Instantly, I picture myself intertwined with Donnelly in sweaty sheets from this morning. It’s been over a week since he took my pseudo-virginity, and he’s been inside me every night and morning since then. Sex has been a natural, blissful piece of our relationship, like it’s the ingredient that makes bread rise or the secret that makes cherries grow plentifully from a tree.

I smile wide and say, “Fruitful.”

She gasps. “You’re pregnant.”

Gabe’s neck snaps but he’s careful to maintain eye-contact on the road.

“No wait,” Frog crinkles her nose. “That doesn’t make sense. You two are taking things slow.” I did mention that Donnelly and I were in a slo-mo zone together since my amnesia.

I could be vague, but I’m still trying to share more. “We had sex, actually,” I say into a giant grin.

Frog lets out a louder gasp while Gabe puts both hands on the wheel like my news might flip the vehicle over.

“You are pregnant.”

“Nope. We’ve just had an abundance of extraordinary sex.”

She lets out a soft squeal. “I knew this would eventually happen. But it’s still shocking. Like knowing the ending of Titanic but crying anyway. Only this happens to be a happy shock and not a grab-a-box-of-tissues shocker.”

I don’t tell her how Donnelly and I cried beforehand. How we went on a magical date to Wawa afterward. How the night became one for the storybooks of our love.

This—I could share this, I want to share this with my friend, but how do I verbally express the sheer depth of those soulful moments that are living and breathing inside my heart? It’s not as easy to speak about love, as it is to write it.

Once we’re parked and walking across campus, Frog mentions her virginity status and asks me if I think it’s worth it to wait for the right one.

She’s not making eye contact; her vigilance is on college students locking their bikes and others powerwalking to the library. So I take a second to respond.

Is it worth it to wait?

Even though I did lose my virginity the first time around to someone else, I can’t remember it. I’m glad that Donnelly feels like my first now. And maybe that won’t last forever. I might get memories back of the other sexual encounters before him, and I’ll have to be okay with that.

But OG Luna is me. Those three years paved the way for me to be where I am today. Had I not been with other guys first, would I even have had the courage to be with Donnelly at all? Would I have even woken up in that hospital and had this connection with him now?

I’ll never really know.

But I believe every timeline matters. The one I forgot and the one I remember. And the merging of the two. They all make up who I am.

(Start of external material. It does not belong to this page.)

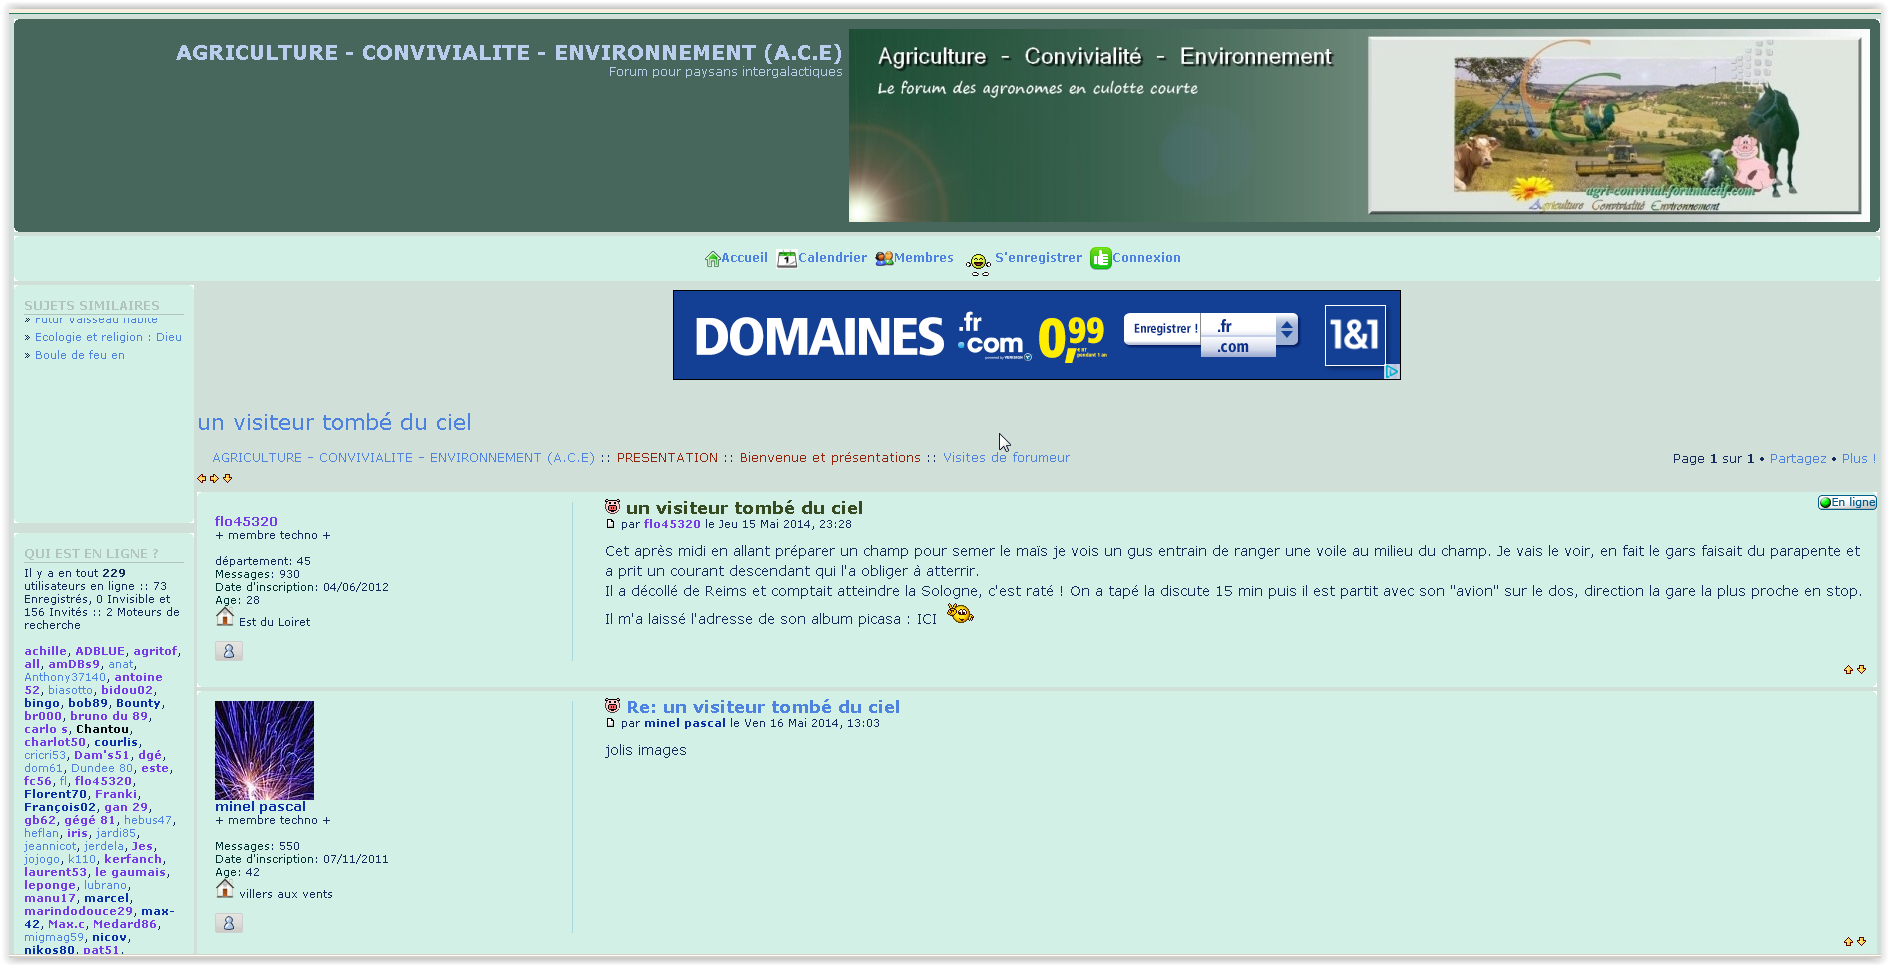 Forum www.agri-convivial.com/

So I tell Frog, “The right one will be with you whether you’re a virgin or not. And if he’s the right one—I’d like to believe he’ll make it feel like there was no one ever before him.”

Gabe stands outside the door of Television and New Media. He doesn’t want the presence of a new “student” to be a distraction. So only Frog and I are seated at the U-style conference table.

I do what I do every Monday, Wednesday, Friday. Open my laptop and ignore the hell out of the three girls sitting across from me. Stassi, Beverly, and Jeffra combined have morphed into some Bermuda Triangle that vanishes your self-esteem if you make direct eye contact. Frog calls them hobgoblins. She also covered her Stanley in Studio 9 stickers the day after Stassi complimented it.

I’m popping up my notes app when Frog stiffens beside me. Uh-oh. My mind shoots to the Bermuda Triangle. What are they doing? I don’t hear any hissing—a good sign.

Frog’s brows knot. Her shoulder bumps mine. “Luna,” she whispers, leaning in. “I’m just learning this now, so don’t be upset—” She touches her earpiece.

I try not to freak out. Frog is listening intently to comms. Making the most dramatic pause ever.